Binge and fast for fat loss and health

June 27, 2011 § Leave a comment

Nutritionists and, “experts,” have claimed that eating small meals throughout the day is advantageous because it will, “keep the metabolism burning,” akin to throwing kindling on a fire.  In addition to this argument is the notion that large meals cannot be properly digested and metabolized by the body because of the high caloric values of the meal.  In other words, we cannot use all those calories at once, so they will be stored as fat.

Consequently, the advice in the media and mainstream has been to increase meal frequency to maintain a healthy metabolism and to avoid the metabolic drop due to starvation.  ( Like skipping a mid-after noon snack will really set us in starvation mode)

These arguments make the case for “grazing,” and eating small meals frequently. I believe it is time to challenge these myths.  In fact, a mainstream media outlet already has.

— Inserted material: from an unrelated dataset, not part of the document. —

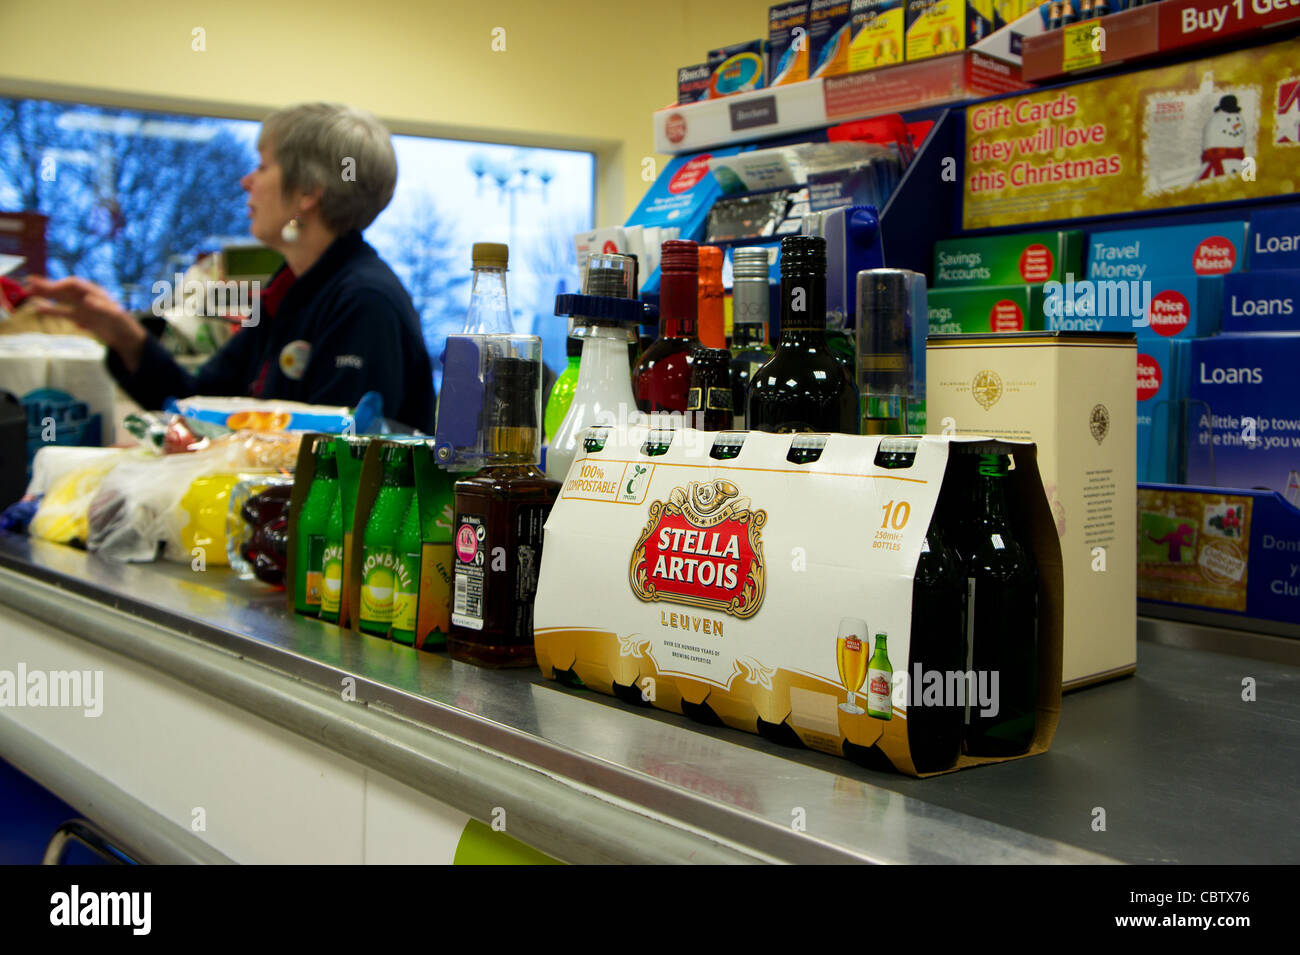 Beaucoup d'alcool au supermarché Tesco check-out, uk Banque D'Images

In our culture, we are constantly in a fed state,  meaning our bodies are continually digesting and processing food.  Is this really necessary?  Just because we have access to an abundance of food, does that mean we have to eat it around the clock?  This logic is flawed for two main reasons:

1.  The hormone, insulin is raised when we consume food.  Insulin is needed to deposit and store nutrients to different locations in the body.  Unfortunately, when insulin is raised, fat-burning comes to a halt.

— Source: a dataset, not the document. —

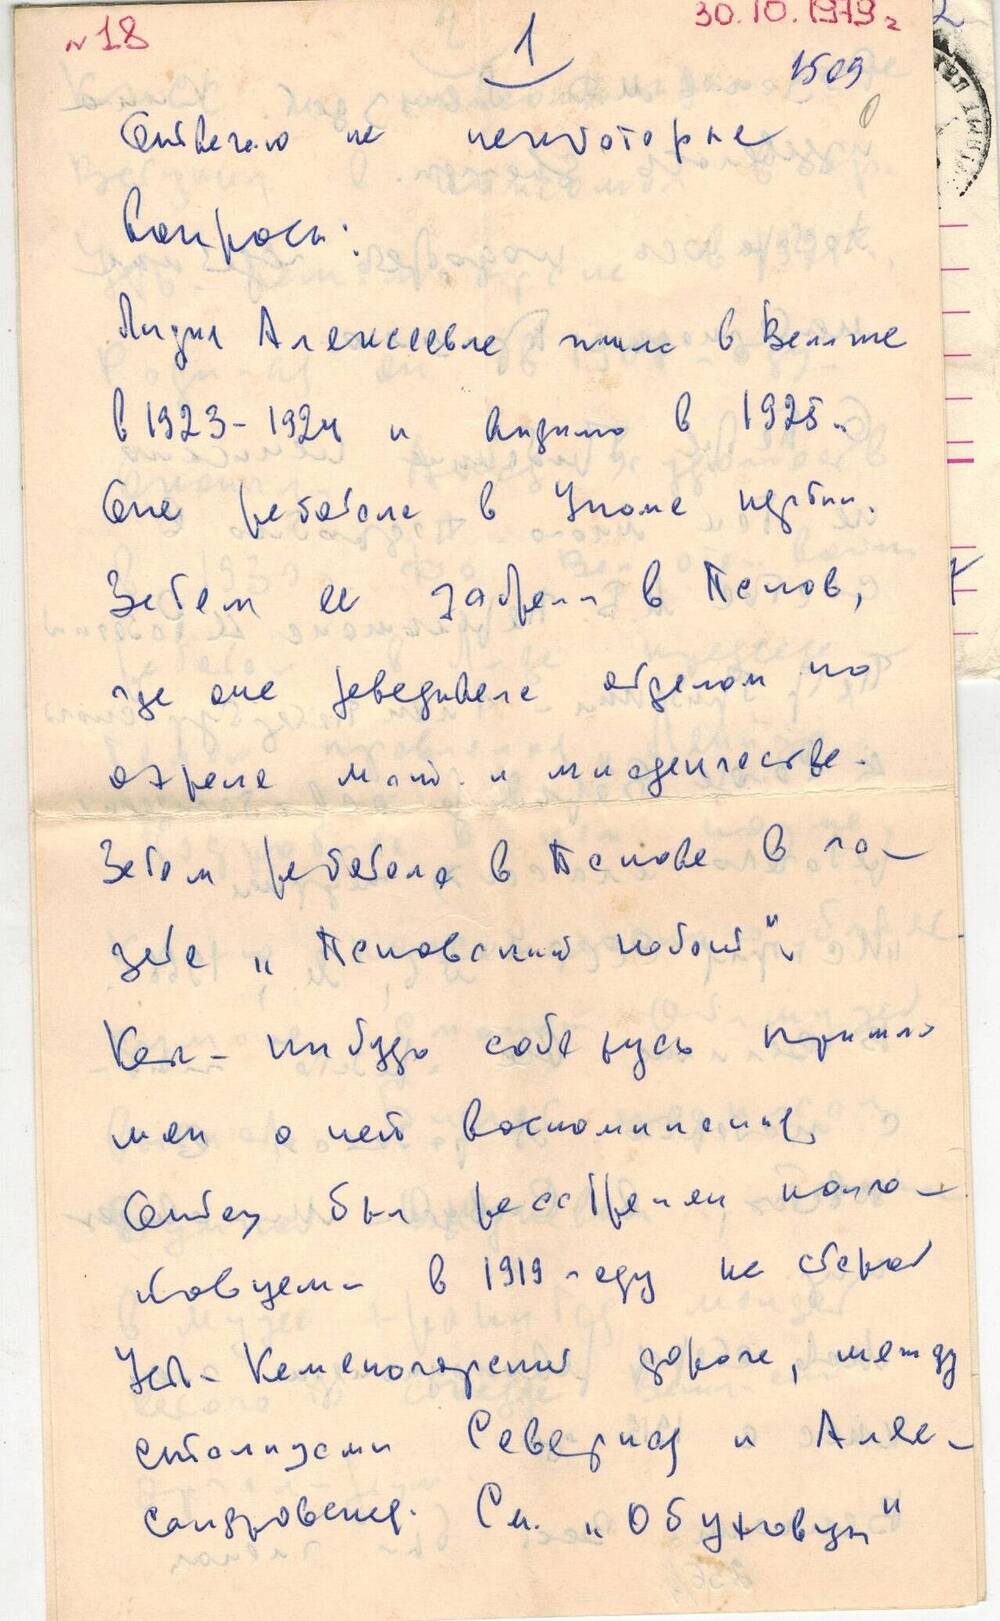 Письмо от Грибакина Д. Бордюкову А.Г 30.10.1979 г.

2. Eating frequent meals per day is a new dietary habit.  Looking back to our evolution, we were not raised to eat every couple of hours. We would go through periods of feast, or famine.  Food was not avaliable at our disposal so our bodies have been designed to accommodate that.   Physiologically, we are not equipped to continually process food as this is unnatural.

Let’s take a look at the studies supporting intermittent fasting.

Three meals per day is superior to several small meals for appetite control

Studies using whole-body calorimetry  to assess total 24 h energy expenditure find no difference between nibbling and gorging.

No significant effect of meal frequency on 24 h EE or ADMR

Increasing MF does not promote greater body weight loss under the conditions described in the present study.

Alternate-day fasting was feasible in non-obese subjects, and fat oxidation increased

Fasting every second day increased the insulin sensitivity approximately sevenfold according to the homeostatic model assessment (2) and decreased the incidence of diabetes

10 overweight subjects lost an average of 8 percent of their original weight at the end of the eight week experiment. A shift in energy metabolism toward utilization of fatty acids was also noted.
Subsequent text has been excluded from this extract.